One example comes from the Governors Climate and Task Force, a coalition of 26 states and provinces from Brazil, Indonesia, Mexico, Nigeria, Peru, Spain, and the US to advance jurisdictional programmes and link REDD+ activities with emerging GHG compliance regimes and other pay-for-performance opportunities.
California, as one of the participating jurisdictions, offers an outstanding example of linking national forestry offsets – including IFM and avoided deforestation – to its mandatory emissions trading scheme. As a leading member, the Golden State envisaged to expand this connection to foreign lands with the Brazilian State of Acre and Mexico's Chiapas.
Although not currently effective, the effort could form a basis to be replicated in other schemes.
Brazil, for instance, could run one of these schemes. An initiative to link Brazilian forestry offsets to an emerging national GHG compliance regime was proposed by IPAM and Biofilica under Global Canopy Programme's Interim Forest Finance programme. The proposal builds on the fact that the 2008 Brazilian National Policy on Climate Change sets a Brazilian Emissions Reduction Market as a tool to tackle emissions, and that Brazil holds a large amount of unfinanced REDD+ emission reductions.
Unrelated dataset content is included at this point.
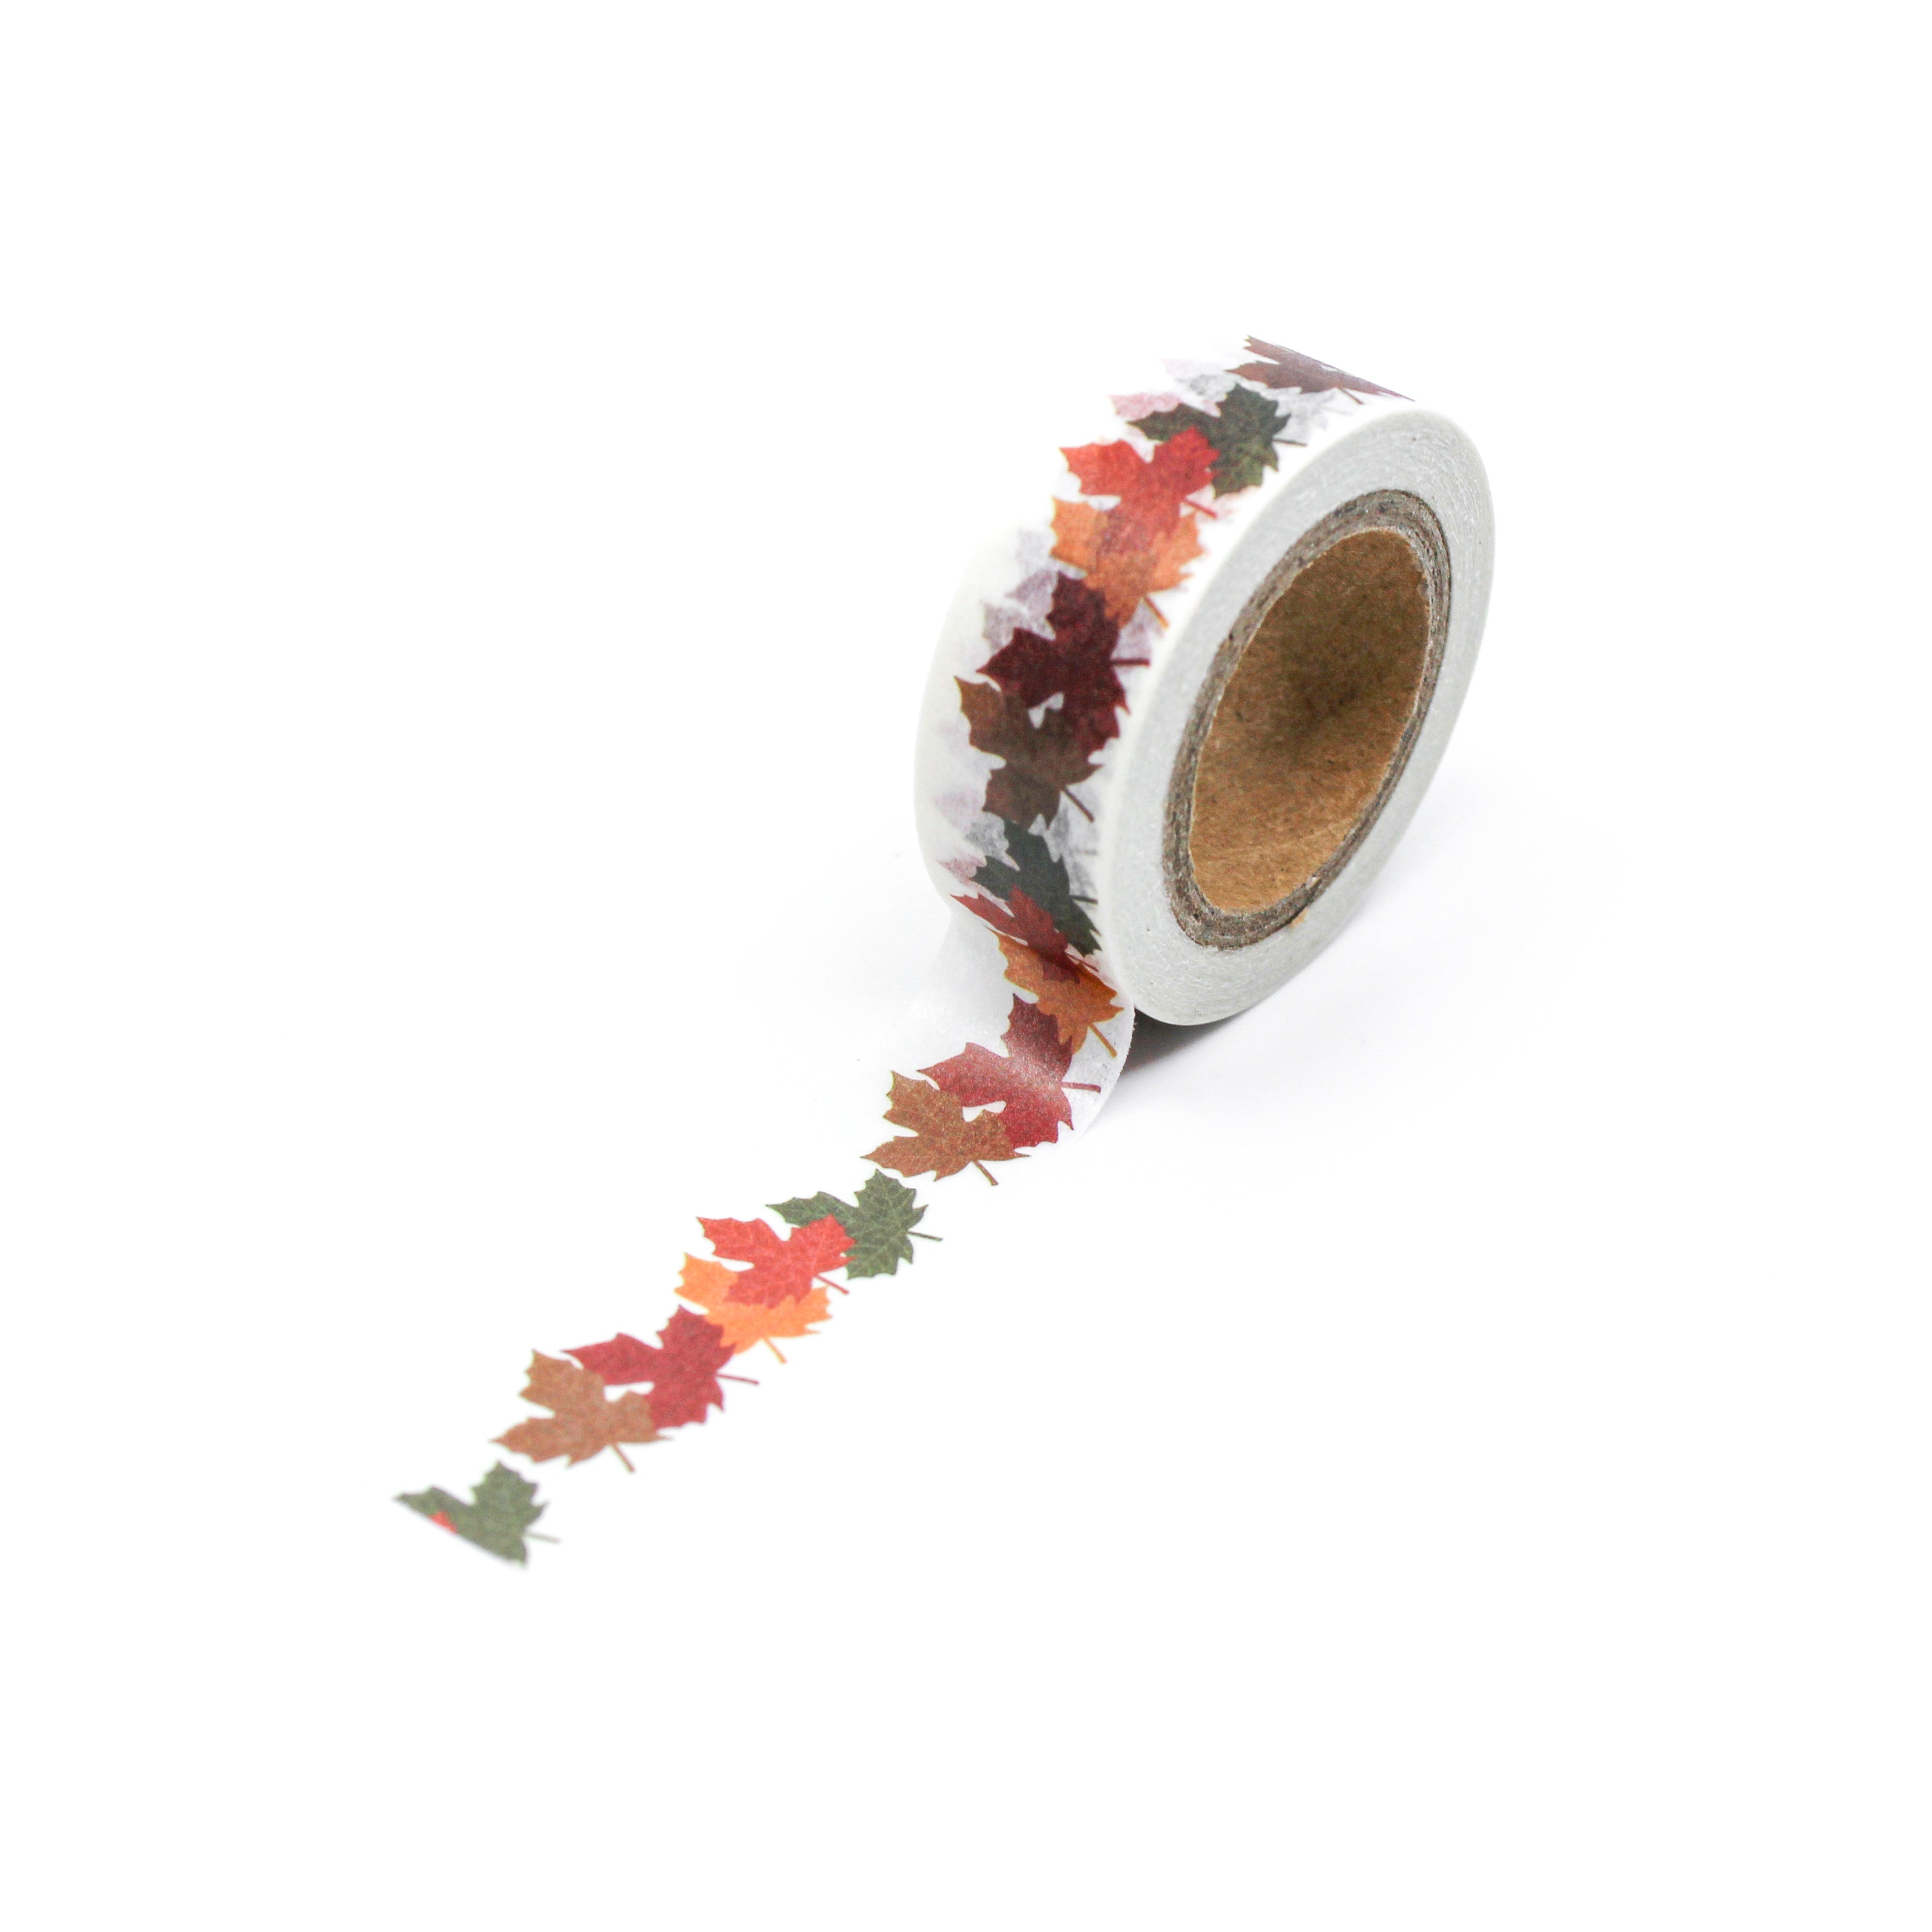 This is a full pattern repeat view of multi-color fall leave flowers washi tape from BBB Supplies Craft Shop

Mirroring other cap-and-trade systems, covered entities would be able to partly meet the cap by financing reductions in the Brazilian Amazon.
One important step towards the establishment of such a market is a voluntary pilot programme comprising more than 20 corporations, organised by the Brazilian leading school of management's centre for sustainability studies, GVCES, and The Rio de Janeiro Green Exchange (BVRio). It will sow the seed of a future ETS in the country.
From a company's perspective, there is growing effort from the voluntary market, the New York Declaration on Forests and the Consumers Goods Forum. Voluntary REDD+ purchases from companies acting mostly for corporate social responsibility turned over $94 million in 2013, according to Ecosystem Marketplace's State of Voluntary Carbon Markets report, in a year of tough competition to low priced CERs.
In parallel, Kellogg's, Asia Pulp and Paper, McDonald's, Marks & Spencer, Barclays, Nestle and Cargill are joining other companies to back the NY Declaration, a UN call for action aiming at a high-level goal to end deforestation by 2030. If met, it is estimated it would be equivalent to taking all of the world's cars off the road.
The Tropical Forest Alliance, a subgroup of the Consumer Goods Forum, is another forum through which companies are engaging. Heavyweights such as Procter & Gamble and Unilever are working to reduce deforestation related to key agriculture commodities by 2020.
In summary, there is an immense effort coming from diverse sources that could be strengthened by improving coordination, sharing learnings and building scale.
The multilateral arena is poised to deliver nationwide commitments, setting the direction in which the ship should sail. The forestry sector will benefit from a Paris Agreement because the Warsaw REDD+ Framework will then become functional as means to meet overall reductions.
With decisions taken only via consensus, the UN climate talks' outcomes are powerful but shallow. An important next step is to set complimentary bilateral arrangements and subnational policies to ensure that correct incentives reach the forest ground. The private sector must be considered as investors and businesses, rather than as donors, building on existing corporate initiatives and market schemes.
Finance will then flow, turning conservation engines on, promoting the strongest results.